Akshara, the immutable, is one of the technical terms in Vedanta. The history of Vedanta may be considered the history of akshara in a way. The problem has become all the more acute due to interpretational differences. If Adi Shankaracharya has taken it in the sense of maya shakti (power of Bhagavan), Ramanuja has interpreted it as meaning an emancipated soul.
The oldest prose Upanishads teach either akshara (the impersonal,
immutable) or purusha (the person). Mundaka Upanishad tries to reconcile the
impersonal with the personal and the early metrical Upanishads endorse that
stand. The Bhagavad Gita teaches the same doctrine, recognizing two manifest ones
called Natures, namely, a higher one (akshara – mahabrahman VII 5; VIII 20) and
a lower one (kshara – Brahma XV.16; XIV.3; VIII 3-4; III.15; V.10). It is the
lower nature that produces the manifest universe, which is in consonance with the
account presented in Svetasvatara Upanishad, recognizing purusha (the personal)
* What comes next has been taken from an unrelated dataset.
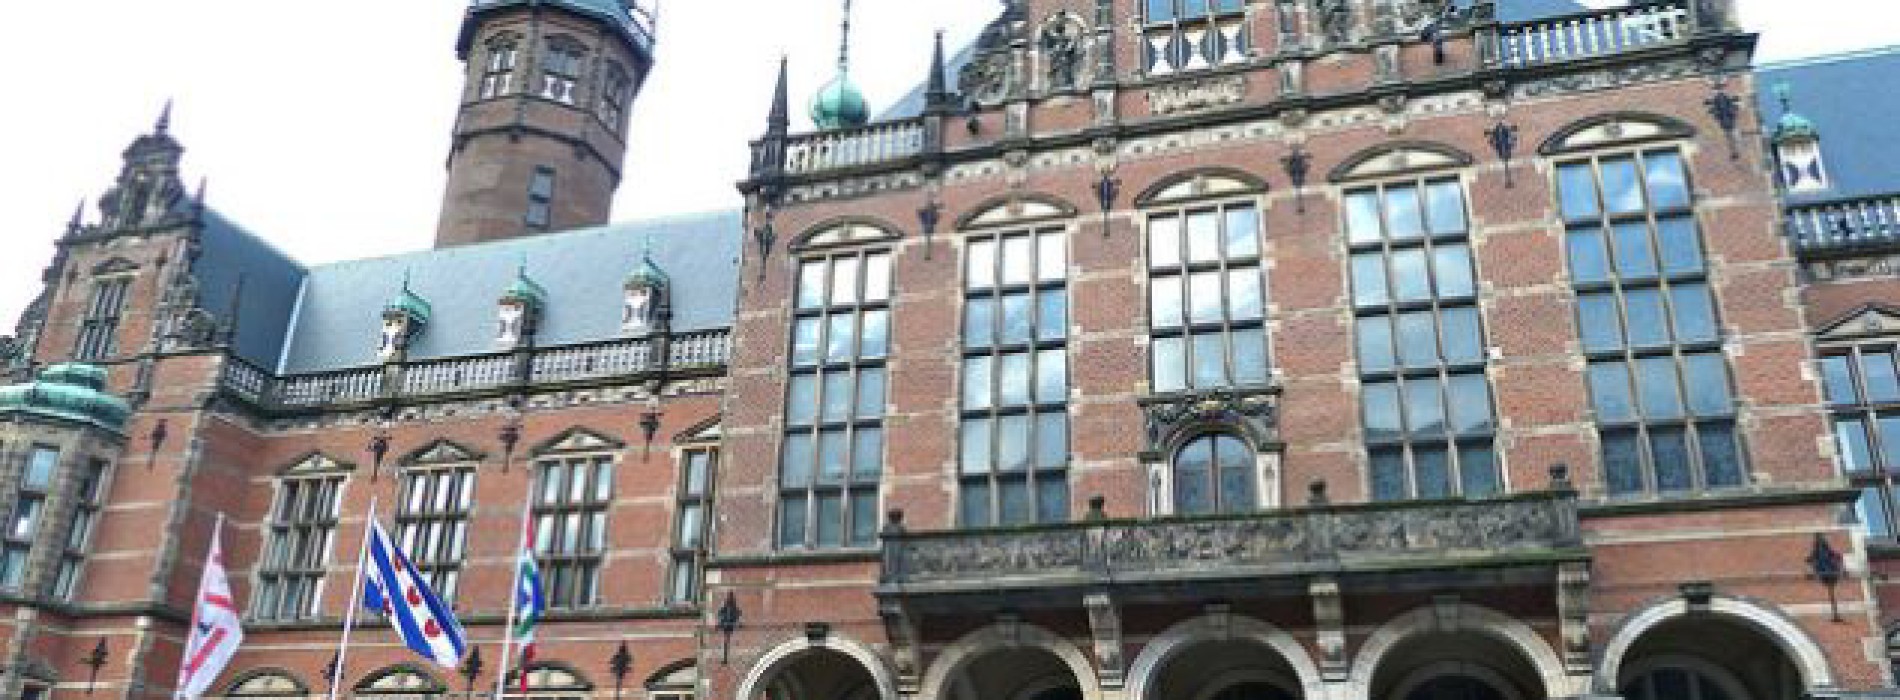 Call for Applications History of Education Doctoral Summer School – Groningen 9-12 June 2016

as higher than akshara (the impersonal) and yet not being distinct from one
another. They are not two, though they are not one either, for they have svagatabheda
(internal differences). Akshara in the Gita (III.15) is the cause of the lower
nature (the Brahman) as one finds it stated in Mundaka Upanishad (1.1.9) and
this lower nature forms the cause of the creation which depends upon karma (the
actions) of the beings. Akshara and purusha are held to be two goals as one
notices in the early metrical Upanishads. The meditations on akshara may reach
the purusha (Bhagavad Gita XII.4), making further progress after reaching akshara.
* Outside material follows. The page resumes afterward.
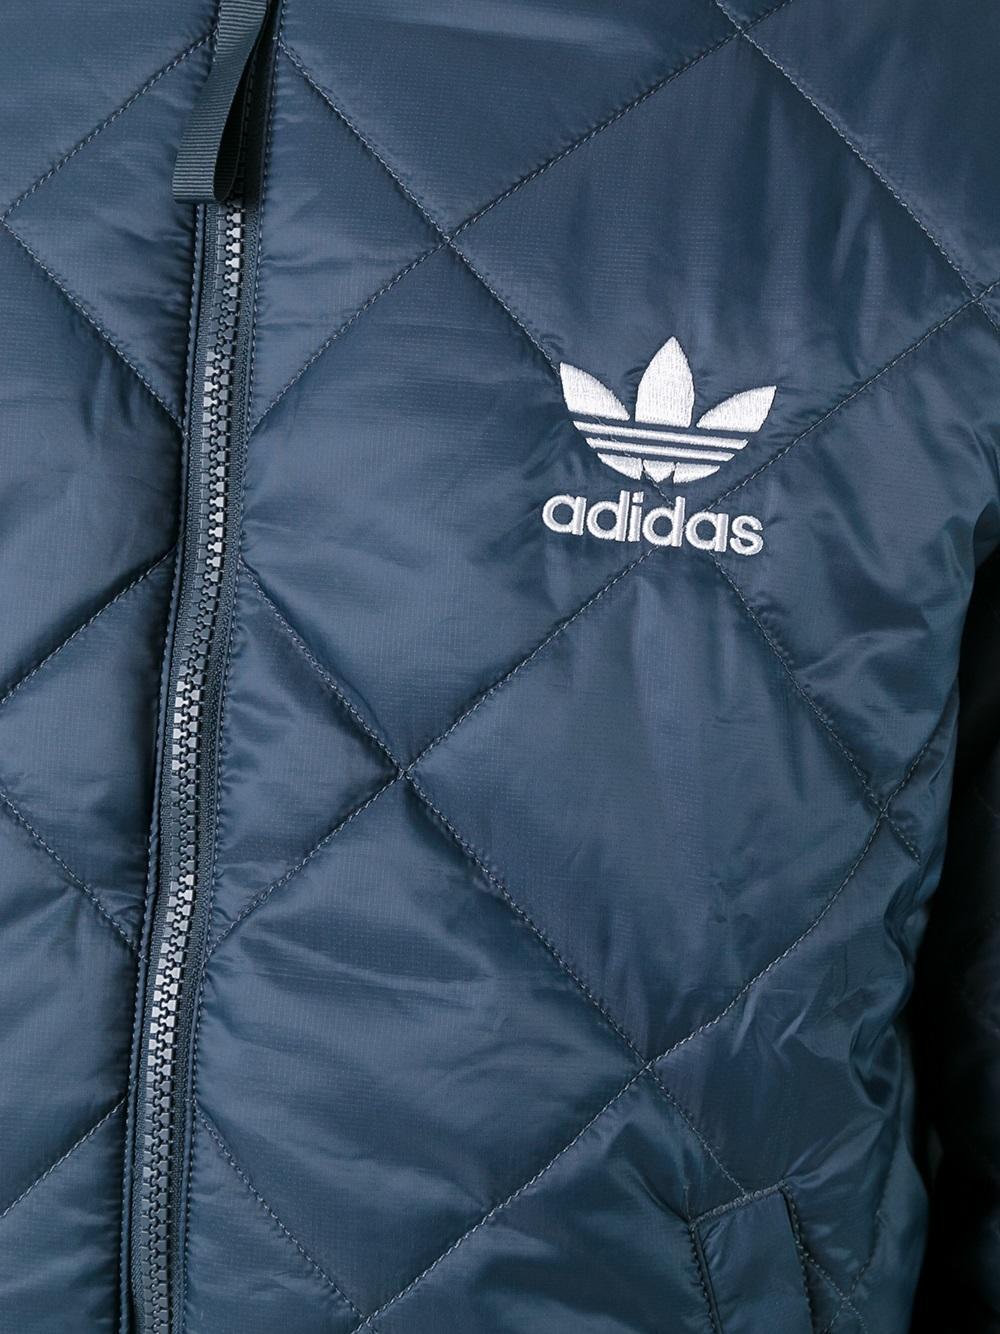 adidas Originals Synthetic 'quilted Superstar' Bomber Jacket in Blue for Men  - Lyst

The Bhagavad Gita does not identify purusha with Brahman. Bhagavan Sri Krishna
is identified with purusha and not at all with Brahman. The lower nature is
said to be the effect of akshara (III.15; IX 7 -10) and the higher nature is eternal
like the purusha and the relation between the two is nothing more than that of
dharma-dharmibhava as one finds it in Svetasvatara Upanishad. The sutrakara
(Badarayana, enunciator of Brahma Sutra) does not subscribe to the view of the
purusha being higher than akshara, for both are one and the same. There cannot,
be according to him, two omnipotent goals and they are the names of one and the
same goal. The Pancharatrins insist on the oneness of akshara and purusha and
advocate that he souls form parts of God and continue as such even during the
period of cosmic rest, which is the stand taken by the votaries of
Vishishtadvaita.
In the literary sense, Akshara means the letters which ultimately constitute the language. There are also important mantras, meant for exclusive contemplation such as ‘namah shivaya’ and ‘om namo narayanaya’ mantra (containing five letters), while the latter is known as ashtakshara mantra. There are also devotional lyrics like the aksharamala, where each verse commences with each of the fifty letters of the Sanskrit language.